Fletcher-Paul said that would help in promoting farmer investment, as well as lifelong healthy eating habits among children.

In St Lucia, the private sector has invested in a school feeding programme, providing infrastructure and equipment. And in St Vincent and the Grenadines, the first Parliamentary Front Against Hunger in the Caribbean has been established to support the implementation of the food and nutrition security programme which ensures continued investment in food and agriculture and sustainability of the programme even if there is a change in government.

In his address to delegates, Secretary General of CARICOM Ambassador Irwin LaRocque said lack of investment is one of nine key constraints to the development of agriculture within the region.

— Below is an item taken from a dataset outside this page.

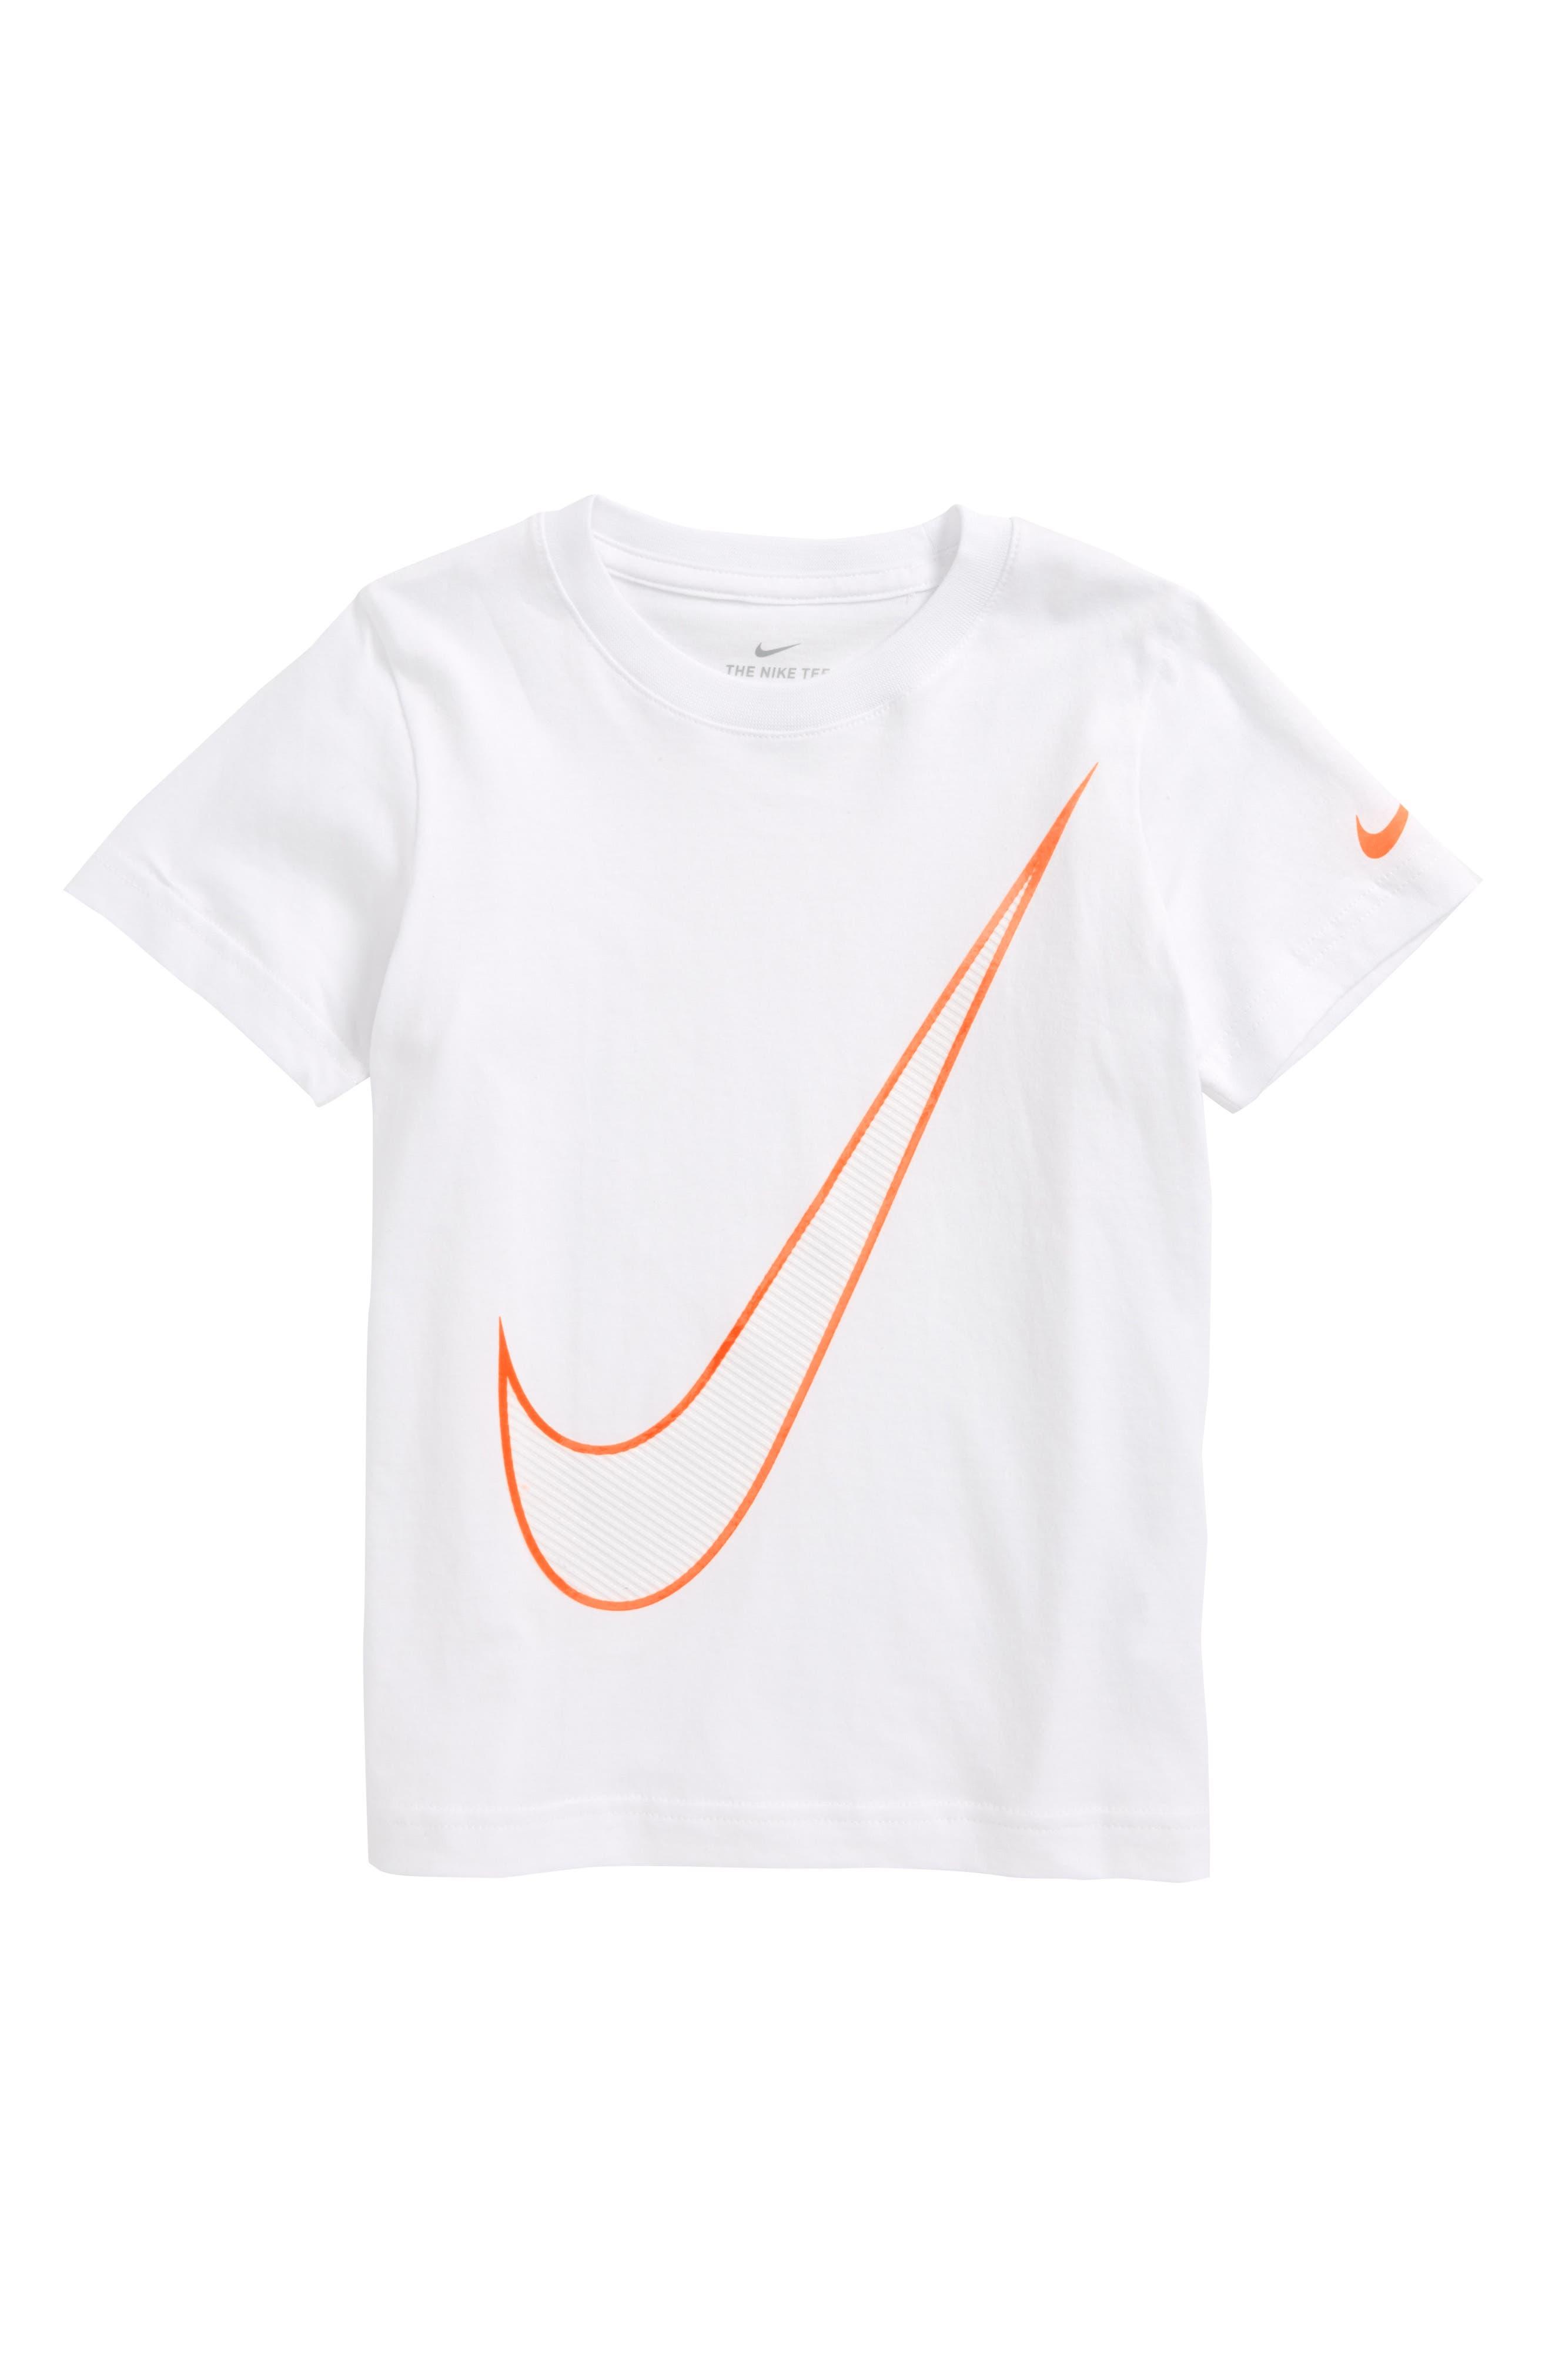 Main Image - Nike Oversize Swoosh Graphic T-Shirt (Toddler Boys & Little Boys)

“The thrust to encourage greater investment in agriculture is fully in sync with CARICOM’s Strategic Plan for the period 2015-2019. Among the strategic priorities stated are: building economic resilience; social resilience; environmental resilience and technological resilience, all of which resonate with the agriculture sector,” LaRocque said.

He told delegates that building competitiveness and unleashing key economic drivers to transition to growth and generate employment, is one of the high-priority areas for focused implementation during the span of the plan.

Premier of the Cayman Islands Alden McGlaughlin noted that the host country had traditionally been involved in subsistence agriculture, but its prominence fell with the emergence of the tourism and financial services sectors.

He said, however, that all is not lost.

“With the new technologies that are available and with greater understanding of the science involved in agriculture, Cayman is more than capable of being self-sustaining in a number of crops,” he said.

CWA 2016 is focusing on several issues, including the coconut industry, agribusiness development, governance and public policy for food and nutrition, and the role of culinary arts in the development of the agriculture sector in CARICOM.

This year’s CWA 2016 Market Place provides regional agriculture, food and beverage producers with the opportunity to showcase their goods and services and meet and network with potential customers, prospects and partners.